▶ [DATA SUPPLIED]

#####

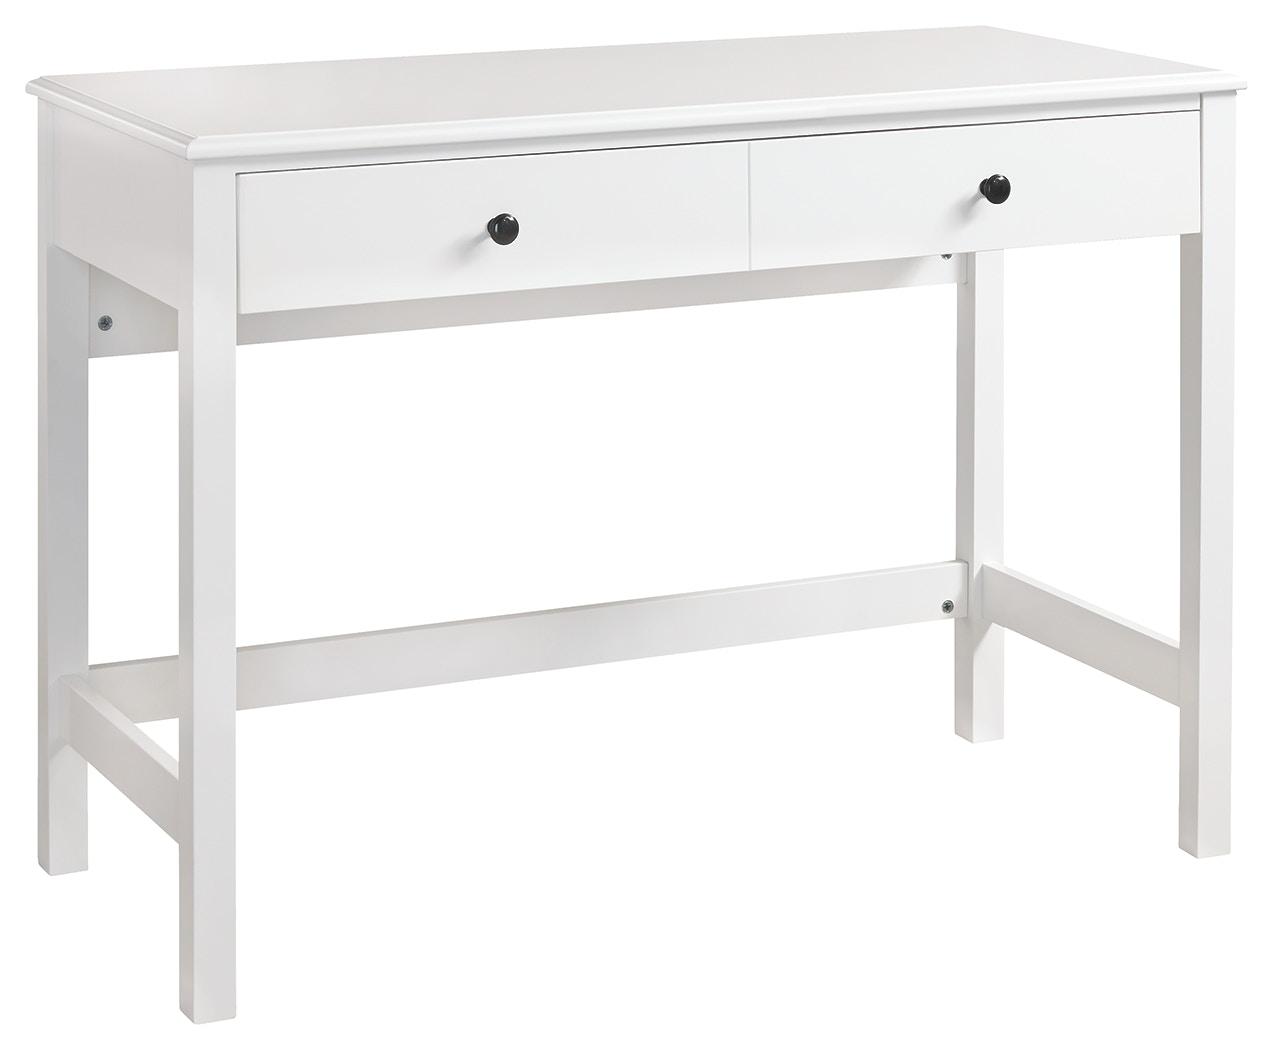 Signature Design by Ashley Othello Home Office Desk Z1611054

#####

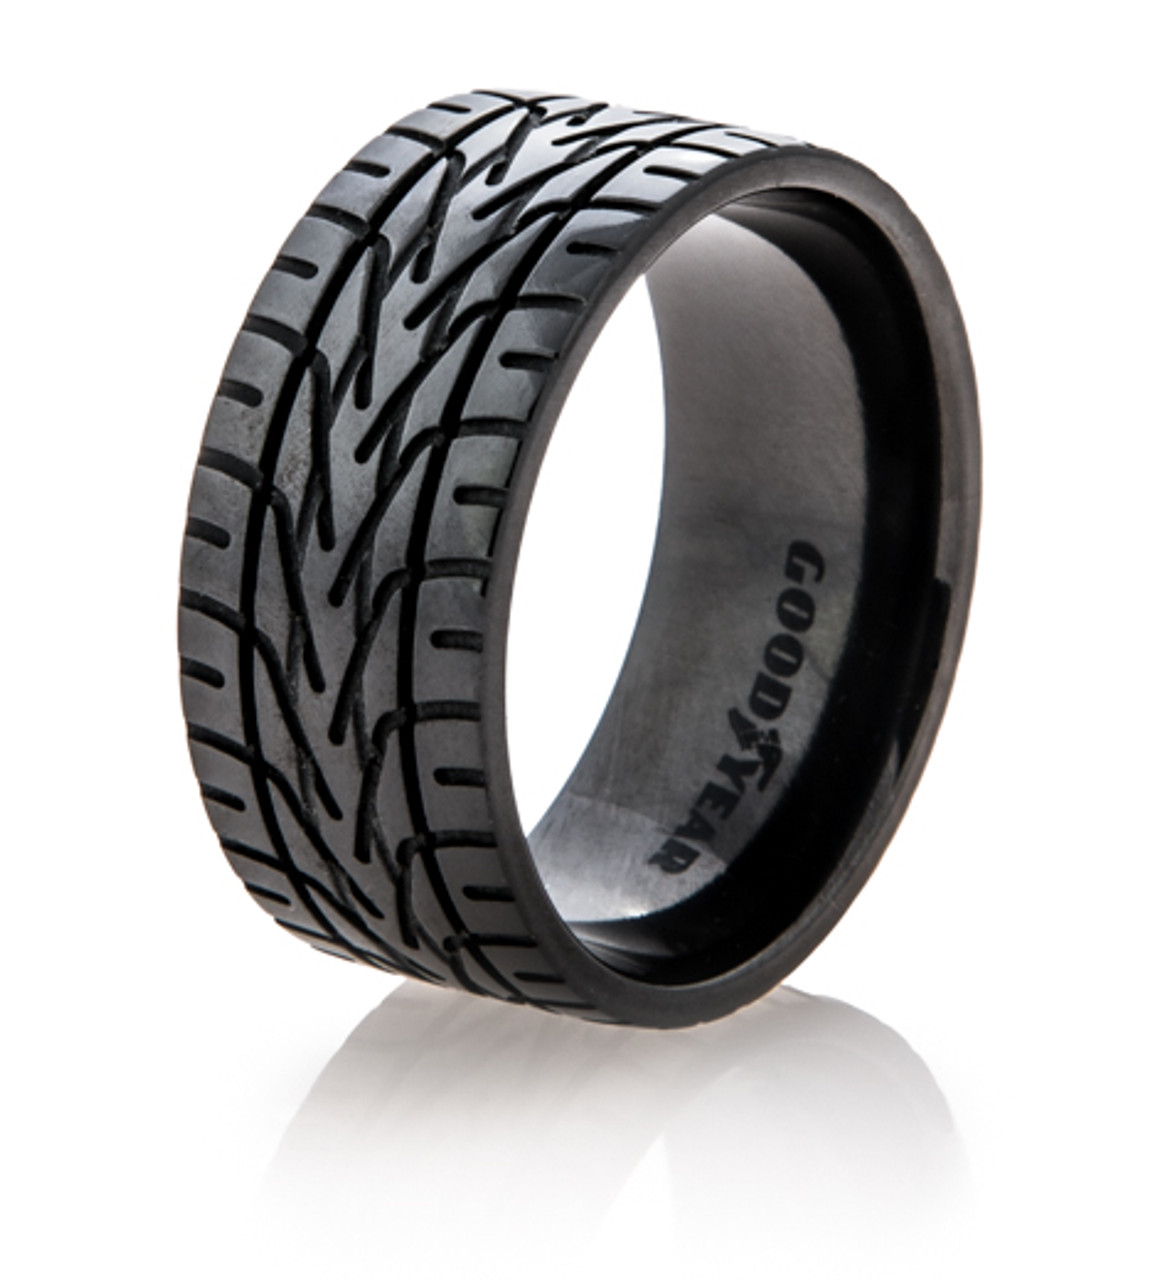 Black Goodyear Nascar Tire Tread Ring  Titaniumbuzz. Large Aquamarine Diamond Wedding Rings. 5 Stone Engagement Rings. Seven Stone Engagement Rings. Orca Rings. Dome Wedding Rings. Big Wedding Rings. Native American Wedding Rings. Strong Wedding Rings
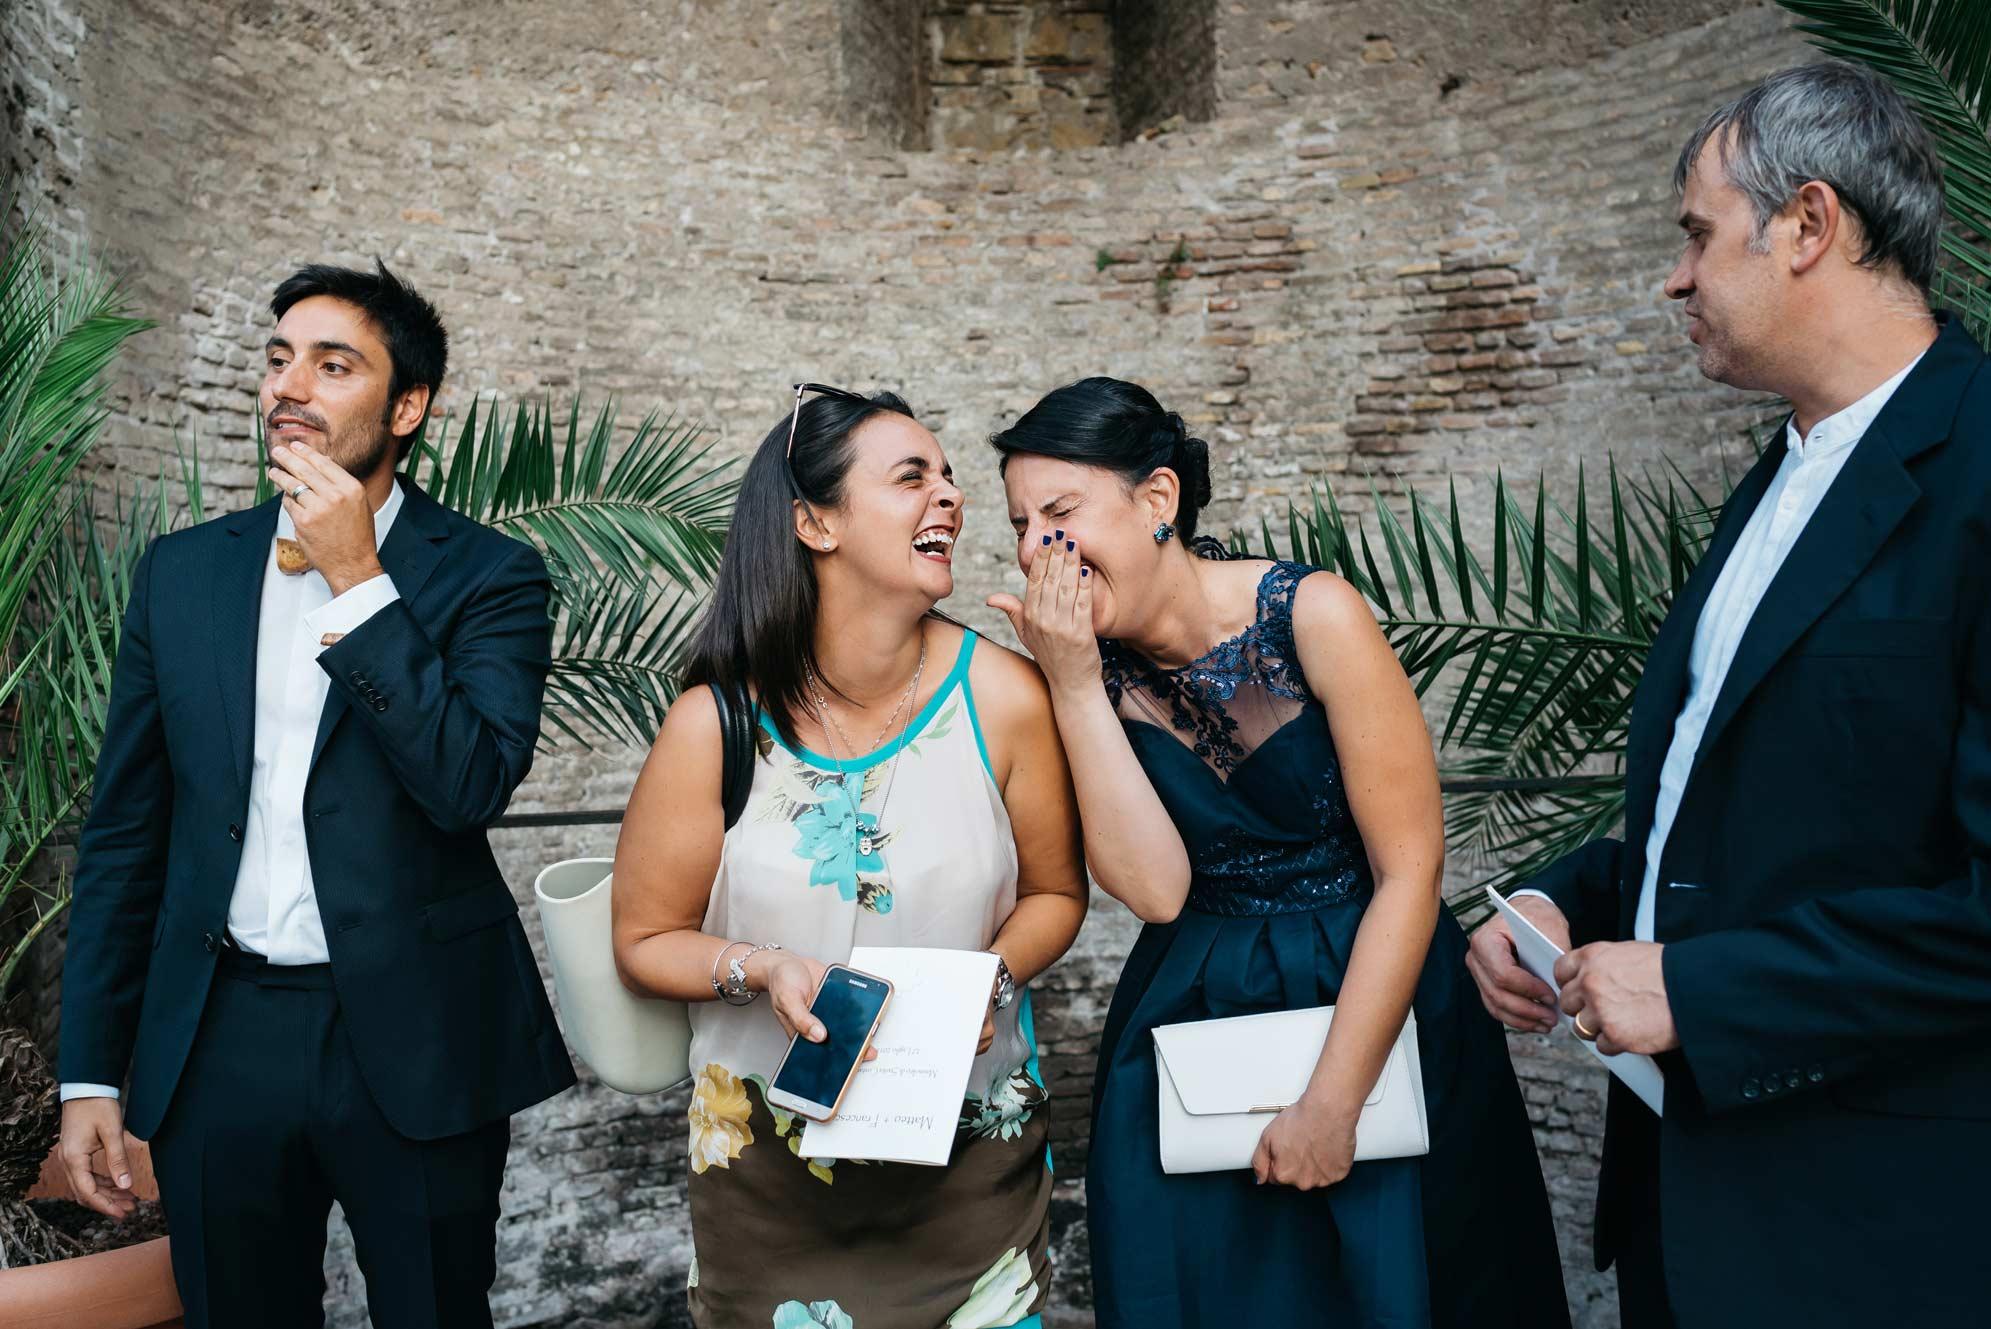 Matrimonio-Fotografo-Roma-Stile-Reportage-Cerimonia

#####

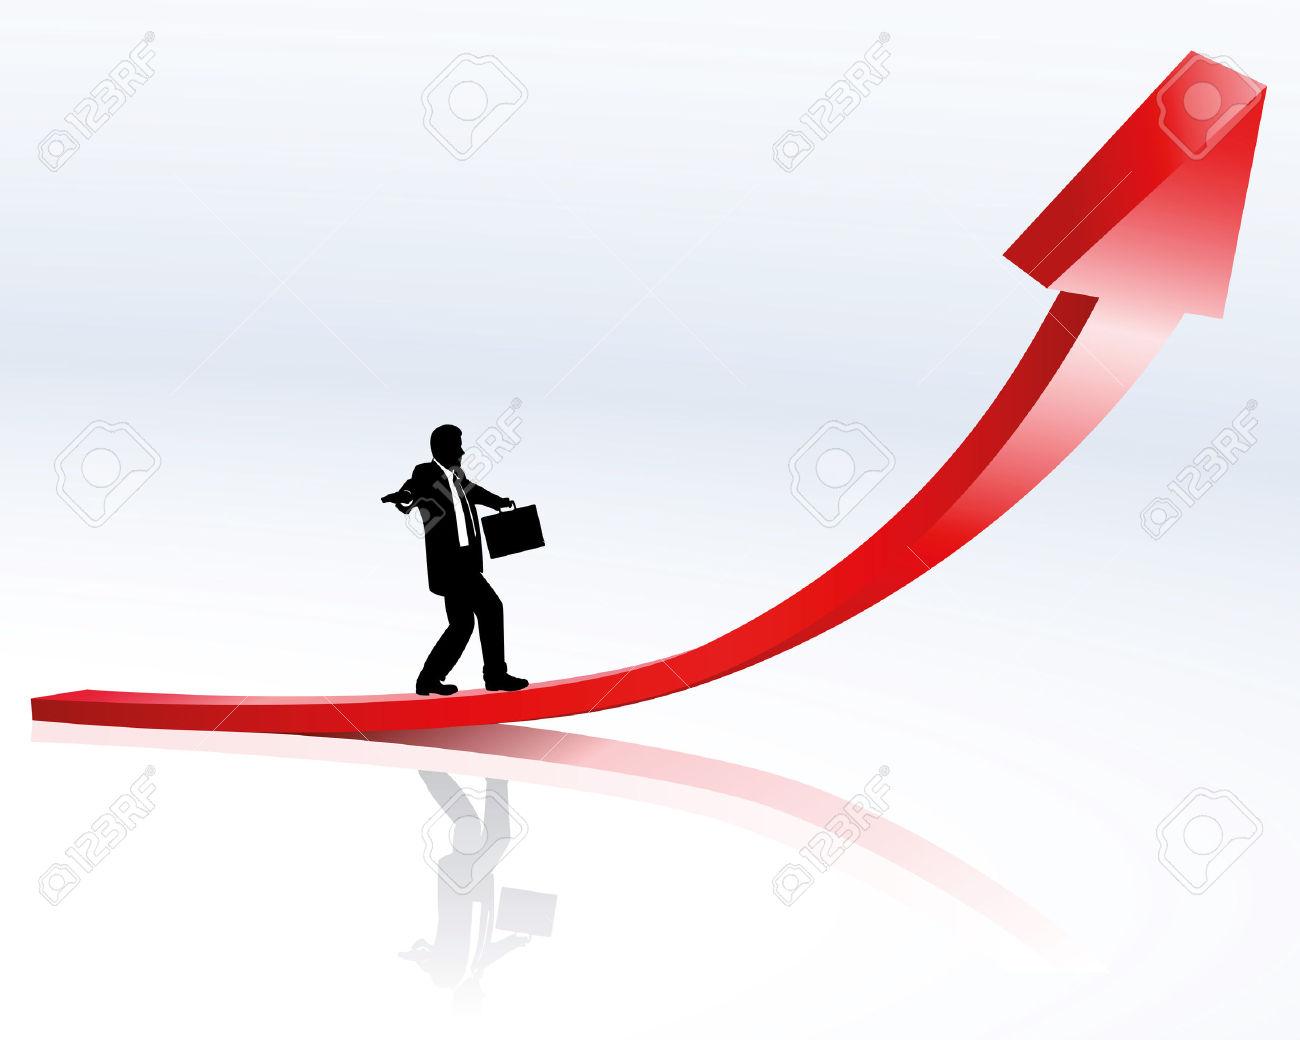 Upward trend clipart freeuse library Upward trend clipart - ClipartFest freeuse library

#####

▶ [PROBLEM DETAILS] Those lines of the records above that run from the one containing "Black Goodyear Nascar" through the one containing "Matrimonio-Fotografo-Roma-Stile-Reportage-Cerimonia" should be returned exactly, with no pictures among them.

▶ [SOLUTION FOR THIS TASK]
 Black Goodyear Nascar Tire Tread Ring  Titaniumbuzz. Large Aquamarine Diamond Wedding Rings. 5 Stone Engagement Rings. Seven Stone Engagement Rings. Orca Rings. Dome Wedding Rings. Big Wedding Rings. Native American Wedding Rings. Strong Wedding Rings
 Matrimonio-Fotografo-Roma-Stile-Reportage-Cerimonia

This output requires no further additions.